Вперёд, сквозь тесные ряды дружины, пробился волхв бога Велеса, что умел безбоязненно ходить по раскалённым углям костра, и, держа перед собой амулеты, отважно пошёл на врага, за ним бросился Велерад и остатки его сотни. Бой закипел с новой силой. Кривая сабля, сверкнув, разрубила шею волхва и он, роняя амулеты, упал на примятую траву. Дружинники растерялись, Велерад решительно бросился на помощь ведуну и схватился с тремя вражескими воинами.
Волхва, прикрывая щитами, окружили гриди, и бородатый варяг Молчун, из сотни Свенельда, что билась сегодня пешей, как пушинку подняв ведуна, понёс мимо расступающихся дружинников в безопасное место.
Горан и Богучар следом несли павшего на поле брани сотника Велерада.
А вокруг кипел бой, и удача переходила на сторону хазар.
«Да где же этот треклятый хан Куря со своими печенегами?» – изнемогая от жары и усталости, отбивался от воинов «солнца кагана» Святослав.
Божественный каган, полюбовавшись павшими ниц печенегами, продолжил шествие, направившись в их сторону, но выпущенная кем-то шальная стрела сразила держащего зонт управителя дворца. Каган склонился над ним и затем недоумённо поднял голову.
– Это не каган! – взвыл вельможа из свиты. – Где настоящий каган?

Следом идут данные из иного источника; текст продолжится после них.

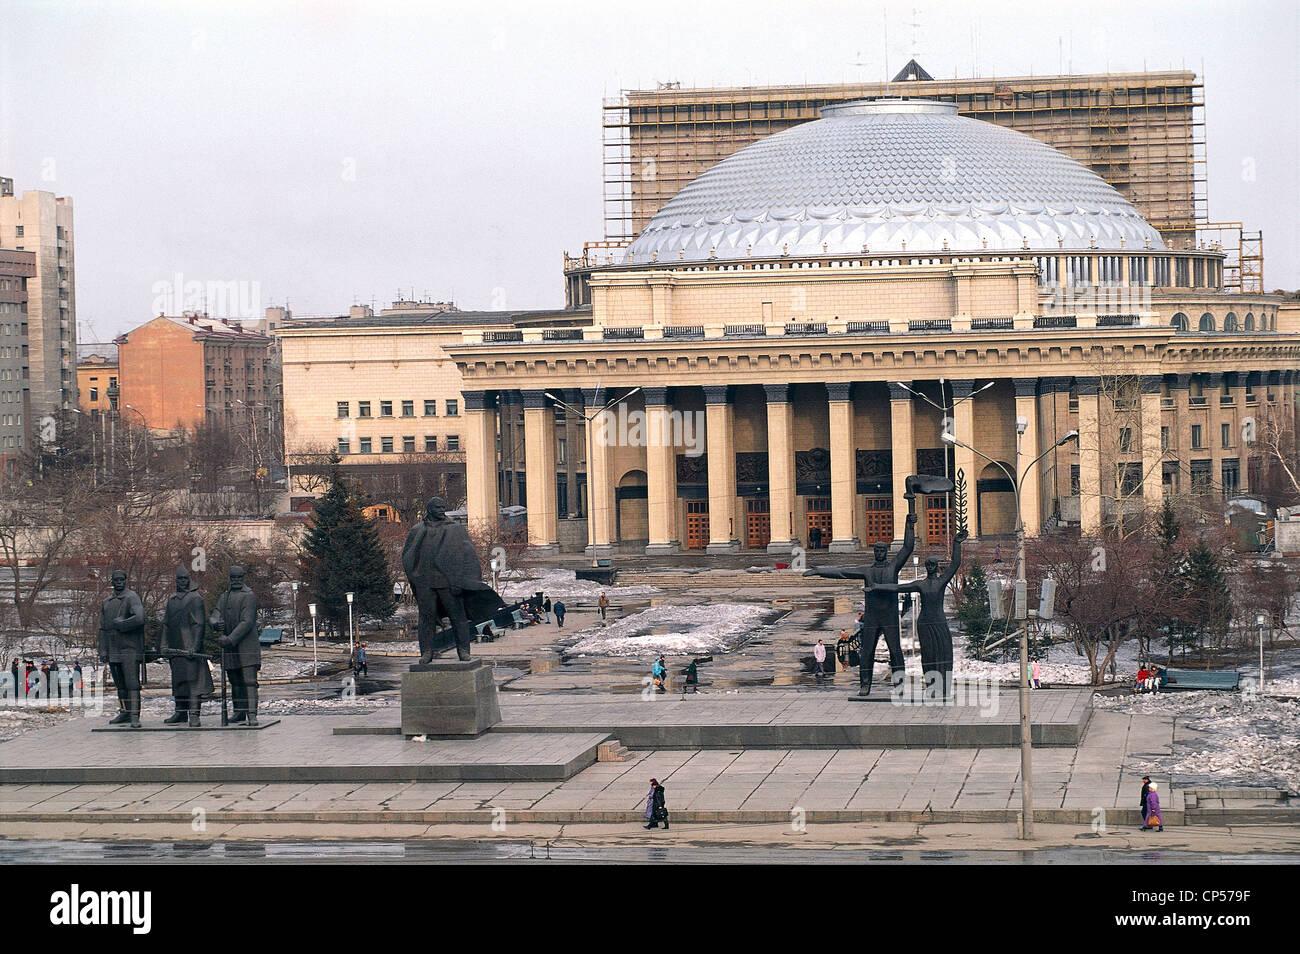 Russia Siberia Novosibirsk. Lenin Square (Ploshchad 'Lenina), Opera Ballet Theatre (Teatr opery Baleta, 1931-45) Stock Photo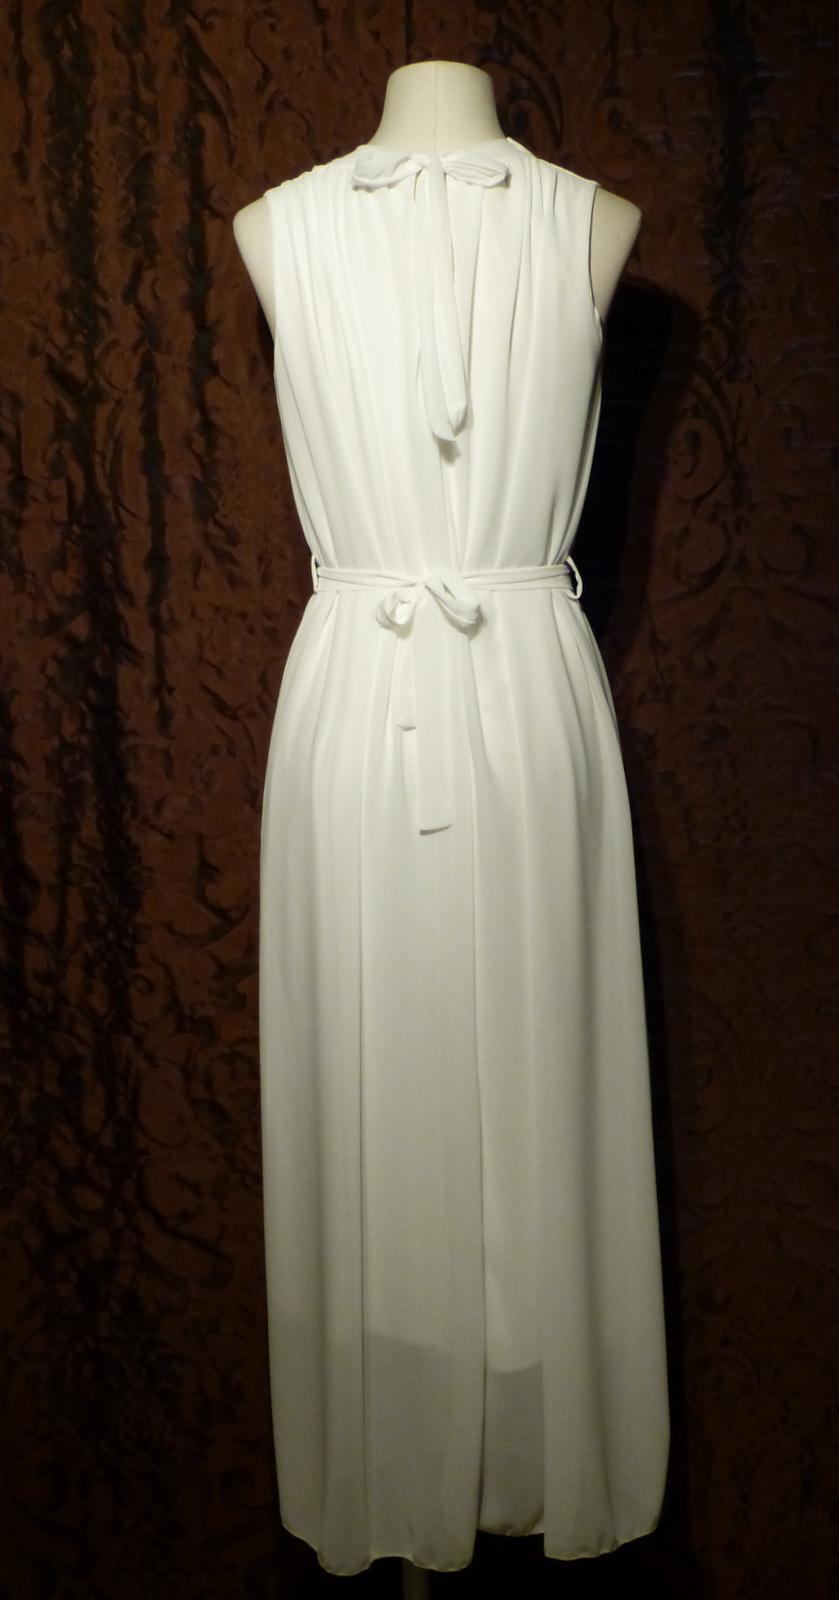 Location robe de mari e location location de robe for Location de robe de mariage en ligne

– Подменили! Кагана подменили, – поднимались с пожухлой травы и тёплой земли печенеги, а тот, кого считали каганом, задрав полы бухарского халата, во все лопатки стал удирать в сторону города, но пущенный пришедшими в себя печенегами рой стрел, пригвоздил его и половину потрясённой свиты к земле.
«Мразь, подлая мразь!» – в сопровождении сотни конных арсиев, минуя распахнутые городские ворота, влетел в Итиль царь Иосиф, направив коня в сторону дворца кагана.
Но «солнцеликого» там не нашёл.
«Бежал, бежал, собака. Жалкий пёс из рода Ашинов, – пинал трон, в сердцах сорвав висевший над ним балдахин. – А я ползал на животе перед этой мерзостью. Следовало раньше его придушить, – бушевал Иосиф. Несколько арсиев невозмутимо стояли рядом, ожидая команды – кого рубить. – Ну что ж, – неожиданно для себя успокоился царь. – На побережье готовы к отплытию несколько загруженных сундуками с золотом и драгоценностями судов, что должны уйти в Персию, куда дальновидно, заранее отправил любимую жену, детей и многие ценности, не веря в кагана и сегодняшнюю победу. И предчувствия не обманули. Только бы арсии задержали русичей, чтоб успел добраться до кораблей. В Персии стану богатым купцом. Сотня арсиев будет охранять меня, а придёт время, вновь вернусь в Итиль. Если не я, так мои сыновья. Первым делом прикажу соглядатаям найти бывшего кагана, думаю, он направился в милую его сердцу Палестину, и придушить там, как шелудивого пса».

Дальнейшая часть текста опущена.